Company to begin trading on NYSE and TSX as Ovintiv on January 27, 2020
CALGARY, Jan. 24, 2020 /CNW/ - Encana Corporation (NYSE,TSX: ECA) announced today they have completed a previously announced series of reorganization transactions (collectively, the "Reorganization"), resulting in the company: (i) establishing its corporate domicile in the U.S.; (ii) rebranding under the name Ovintiv Inc. ("Ovintiv"); and (iii) completing a consolidation and share exchange for effectively one share of common stock of Ovintiv for every five common shares of Encana. The Company received very strong securityholder support with more than 90% of votes cast in favor of the Reorganization.
Pursuant to the Reorganization, registered holders of Encana will be entitled to receive their shares of Ovintiv by submitting a properly completed Letter of Transmittal. The Letter of Transmittal was previously mailed to registered Encana shareholders and is also available on Encana's website at www.encana.com, on Encana's SEDAR profile at www.sedar.com and on the SEC website at www.sec.gov.

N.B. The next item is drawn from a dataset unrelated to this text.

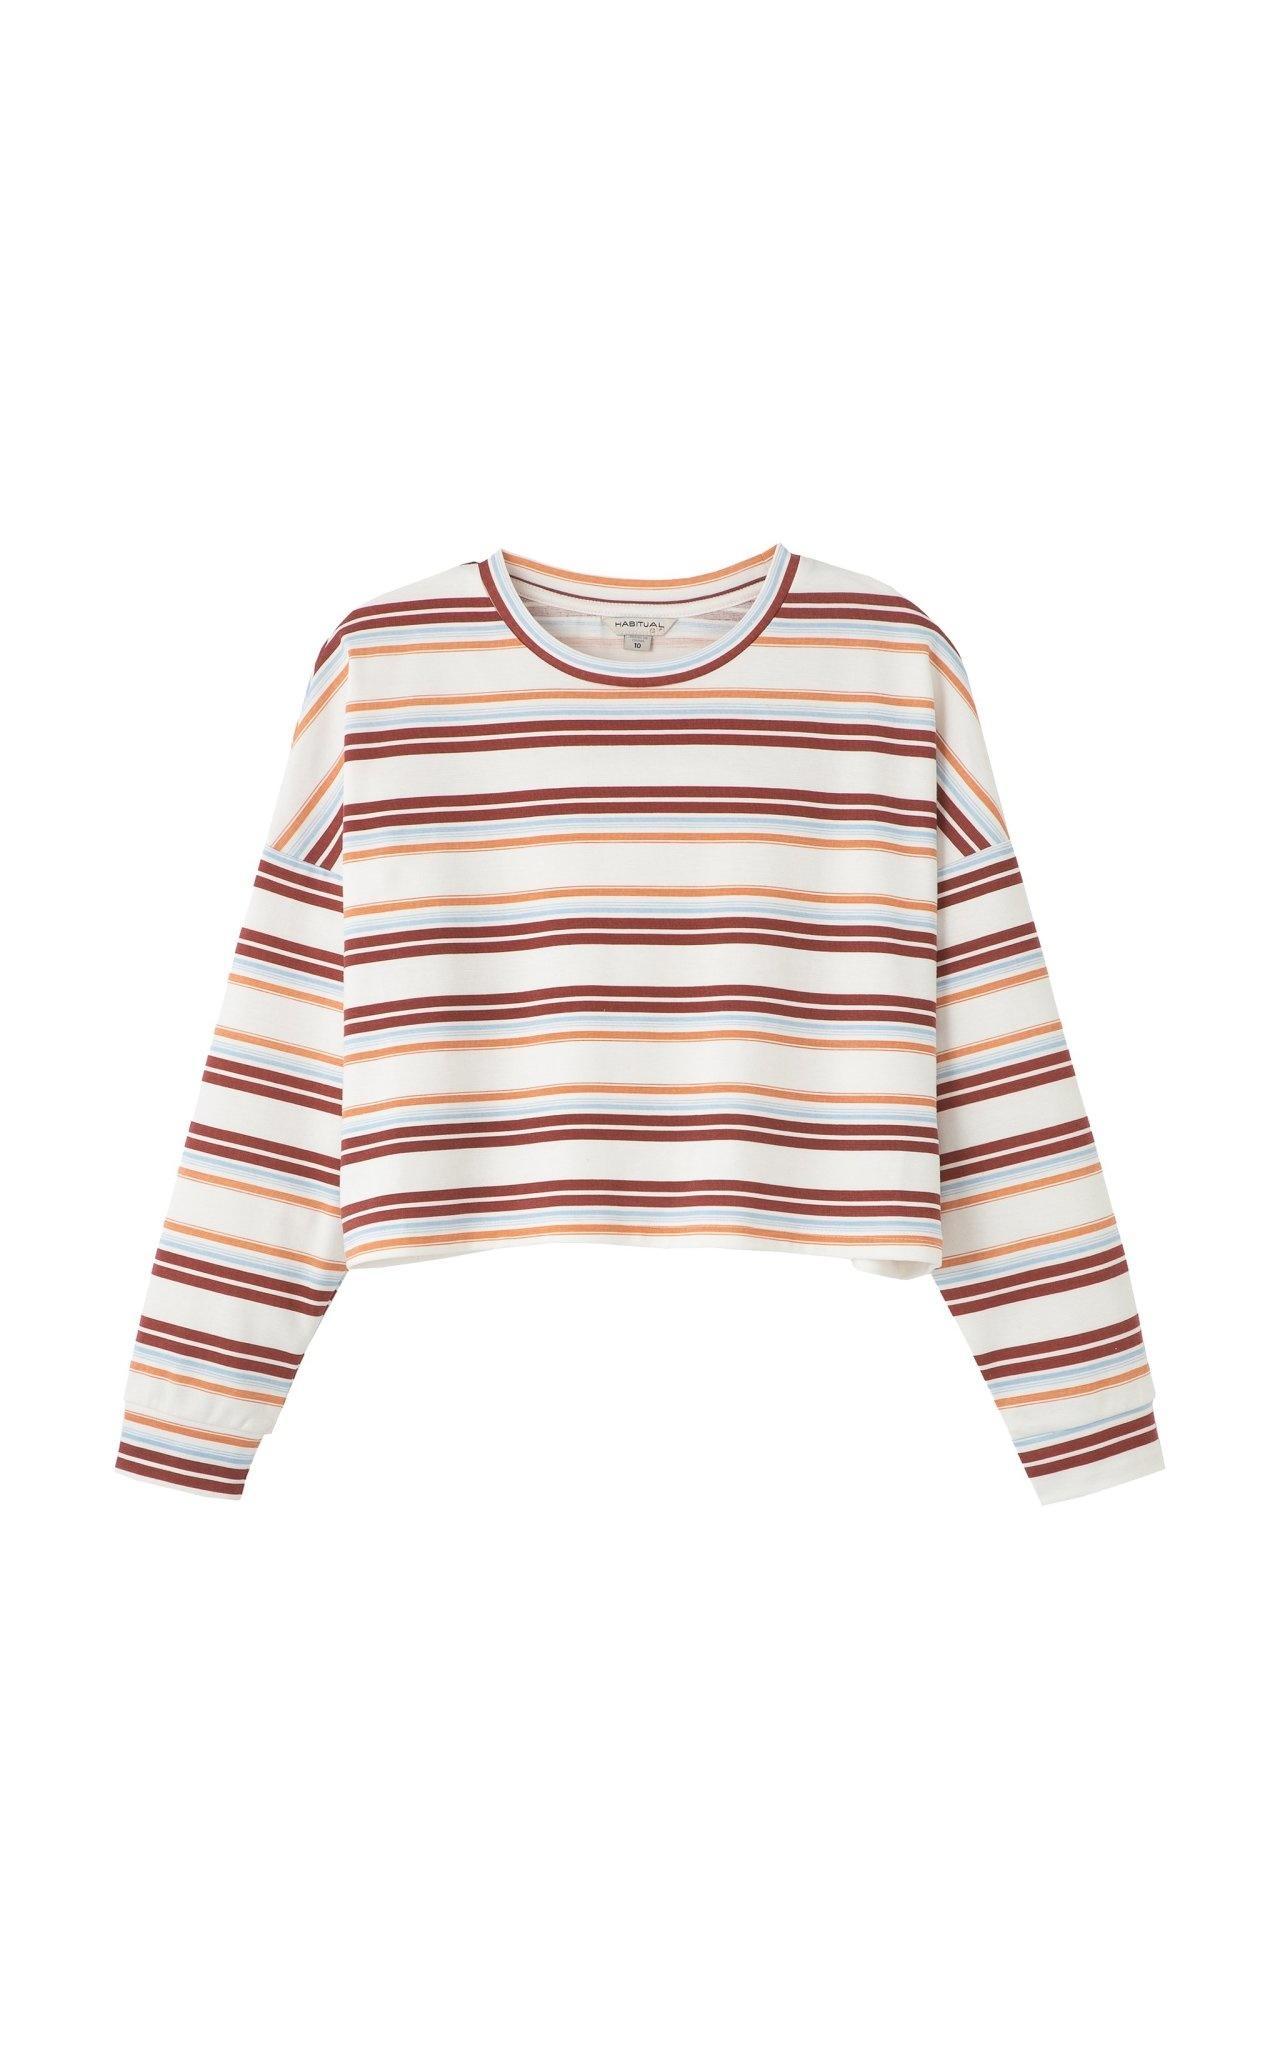 Habitual Sloane Striped Cropped Top
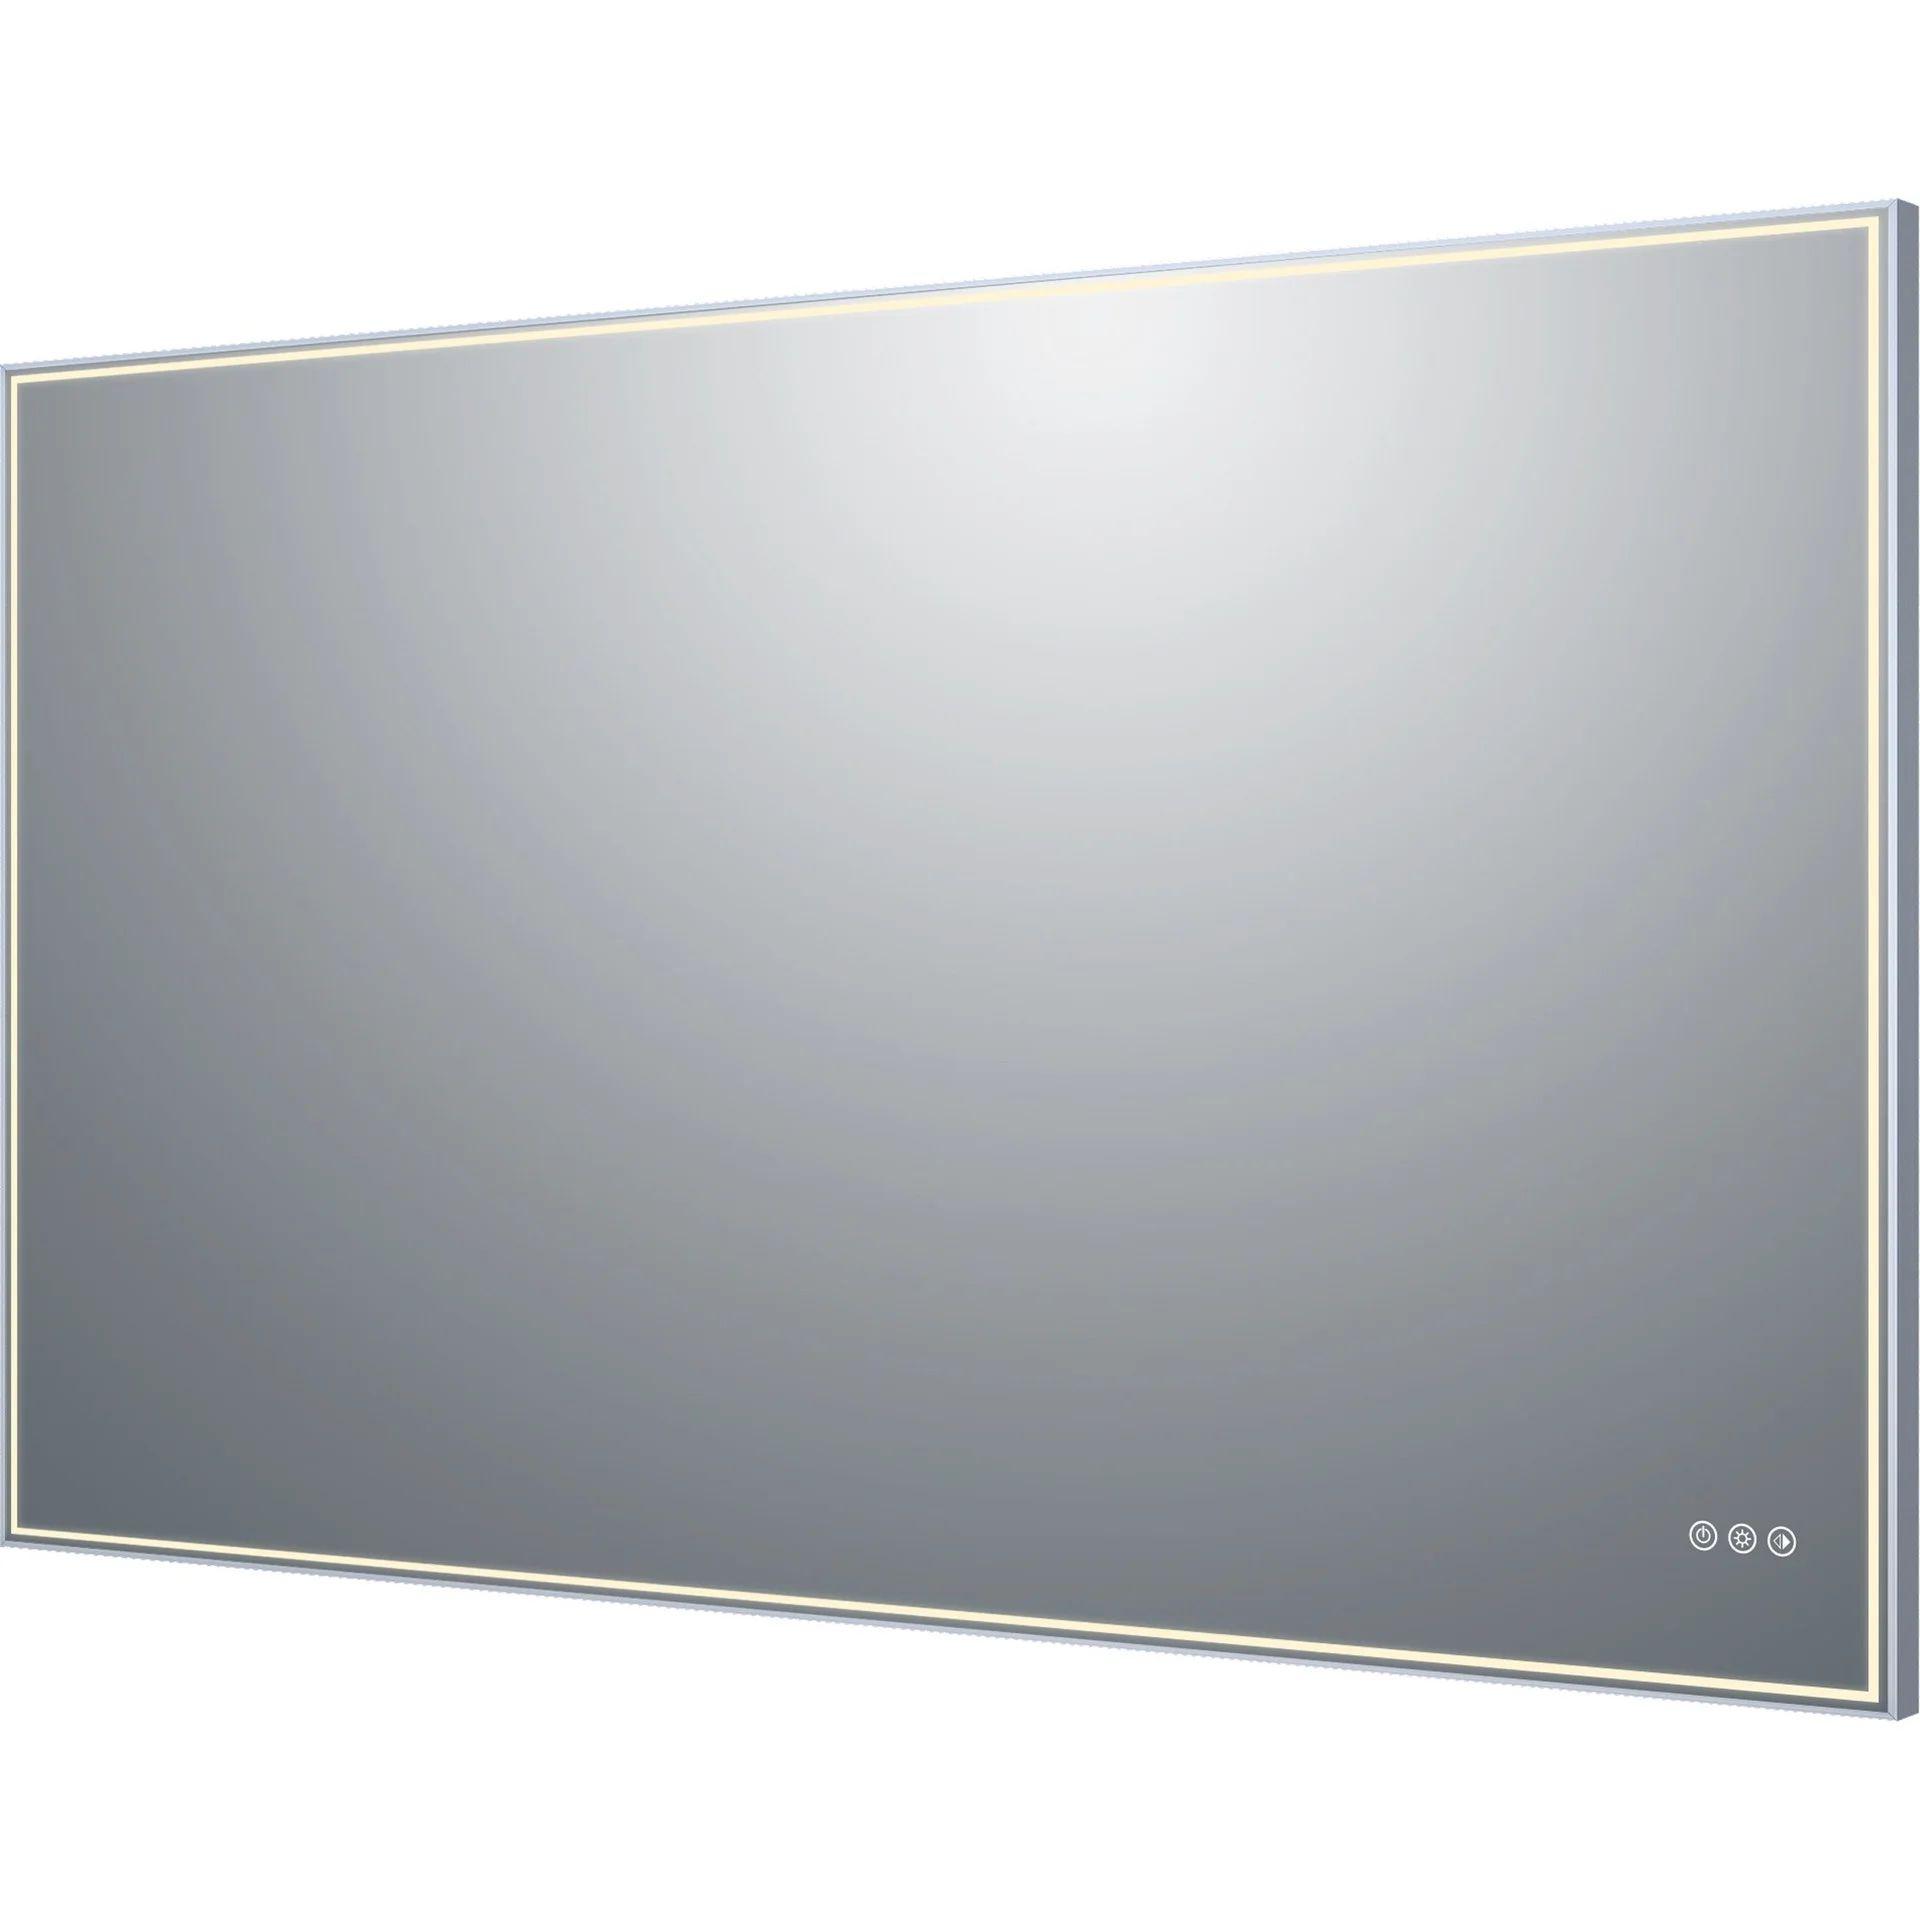 Miroir Lumineux Avec Eclairage Integre L 150 X H 90 Cm Neo Leroy Merlin

Beneficial shareholders of Encana will receive their shares of common stock of Ovintiv through the broker, financial institution or other nominee through which their common shares of Encana are held.
The shares of common stock of Ovintiv will begin trading on the New York Stock Exchange (the "NYSE") and the Toronto Stock Exchange (the "TSX") at the opening of trading January 27, 2020, and will trade under the symbol "OVV" on a post-consolidation basis. The common shares of Encana will be suspended from trading on the NYSE and the TSX prior to the opening of trading January 27, 2020.
Financial and Legal Advisors
Citi acted as financial advisors to Encana. Blake, Cassels & Graydon LLP acted as Canadian corporate counsel, Paul, Weiss, Rifkind, Wharton & Garrison LLP acted as U.S. corporate counsel, Felesky Flynn LLP acted as Canadian tax counsel and Osler, Hoskin & Harcourt LLP, acted as U.S. tax counsel to Encana.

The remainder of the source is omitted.